Lyra Documentation

Hedging Parameters


  • ShortBuffer: 2
  • Synthetix short positions need to be collateralized well enough to avoid liquidations during rallies. A buffer of 2 means that shorting 1 ETH at spot price $2000 would require locking $4000 in collateral. Since the borrowed ETH will be sold for its spot price, the effective capital cost of this is equal to $2000.
  • At each re-hedge, AMM posts enough collateral to match the buffer value. This buffer is sufficient to sustain a rally of up to 80% happening between re-hedges (since liquidations happen at 1.2), which is a fairly safe value. The buffer can be reduced further as low as 1.6 if urgent liquidity needs arise, assuming that hedges happen frequently enough.

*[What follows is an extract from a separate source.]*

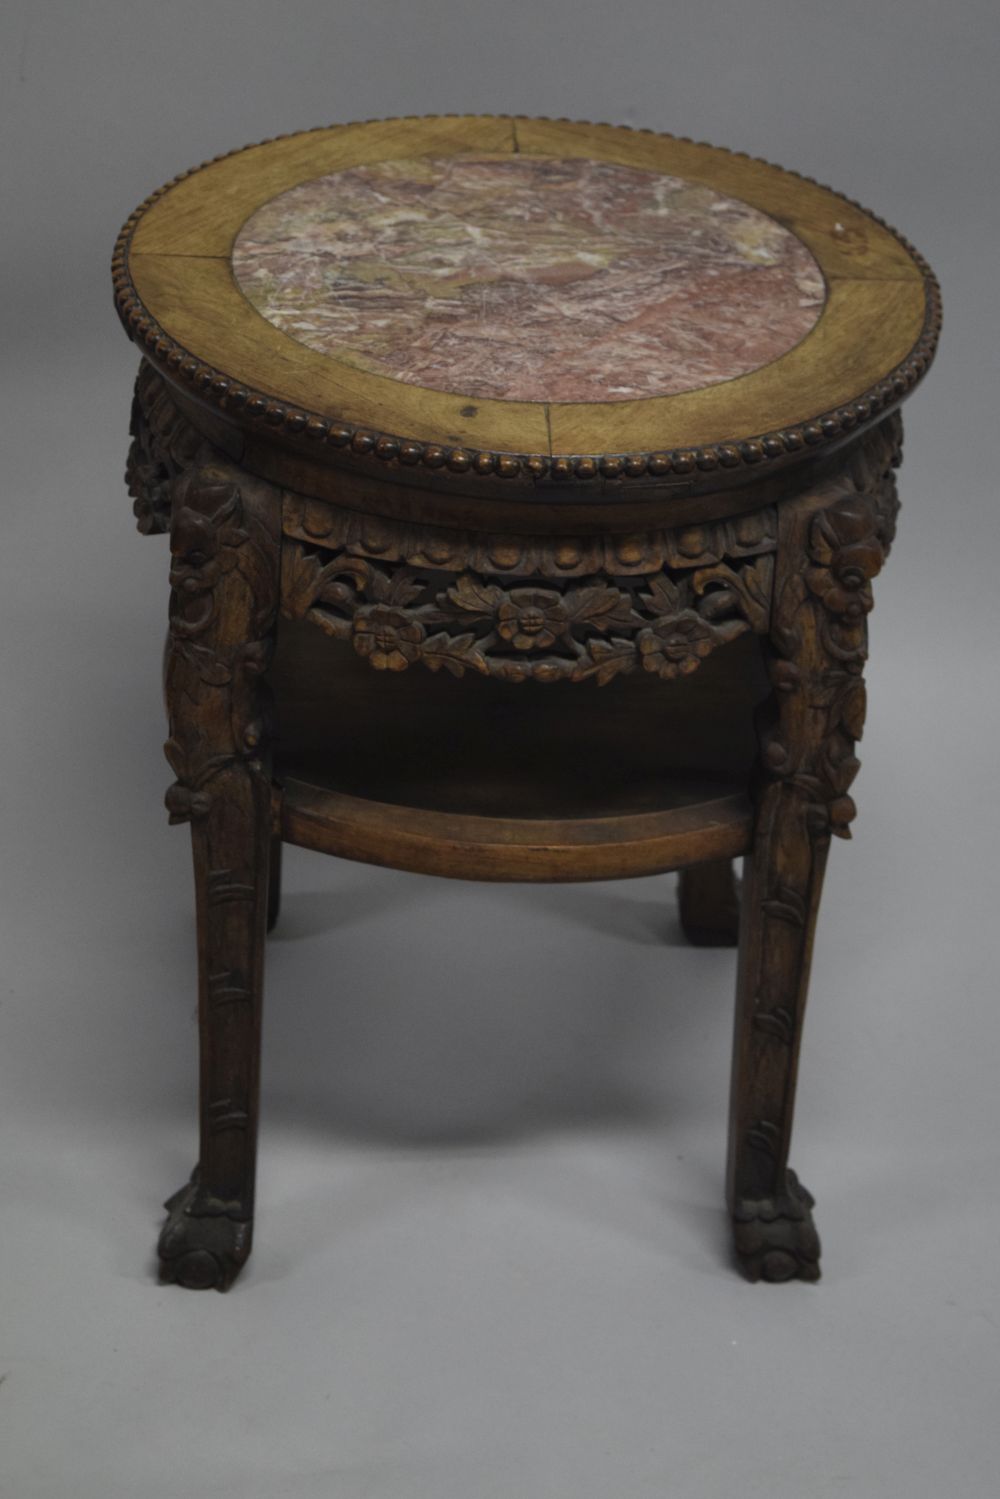 A CHINESE CARVED HARDWOOD MARBLE TOP STAND, the frieze and legs carved with foliate decoration, - Image 4 of 6

  • InteractionDelay: 6 hours (ETH/BTC), 6 hours (other)
  • The AMM is required to wait for InteractionDelay hours between each hedge transaction. Longer delay increases AMM risk and P&L uncertainty, while reducing the amount of fees paid to Synthetix.
  • A delay of 6-12 hours is reasonable for volatility assets like ETH or BTC. Highly volatile assets need to be hedged more frequently (e.g. 6 hours) as to avoid large losses on tail events. Delay can be further reduced if the AMM proves to have enough fee revenues to cover the hedging costs.


  • (50% of pool NAV) / SpotPrice
  • HedgeCap denotes the maximum delta (in absolute terms) that the AMM is allowed hedge, above which the exposure will stay unhedged.
  • Initially, the cap of 50% of NAV will be imposed to prevent the pool from being over-utilized by hedges, and overpaying Synthetix fees. The cap can be raised or completely lifted when the hedging process proves to be stable and sustainable.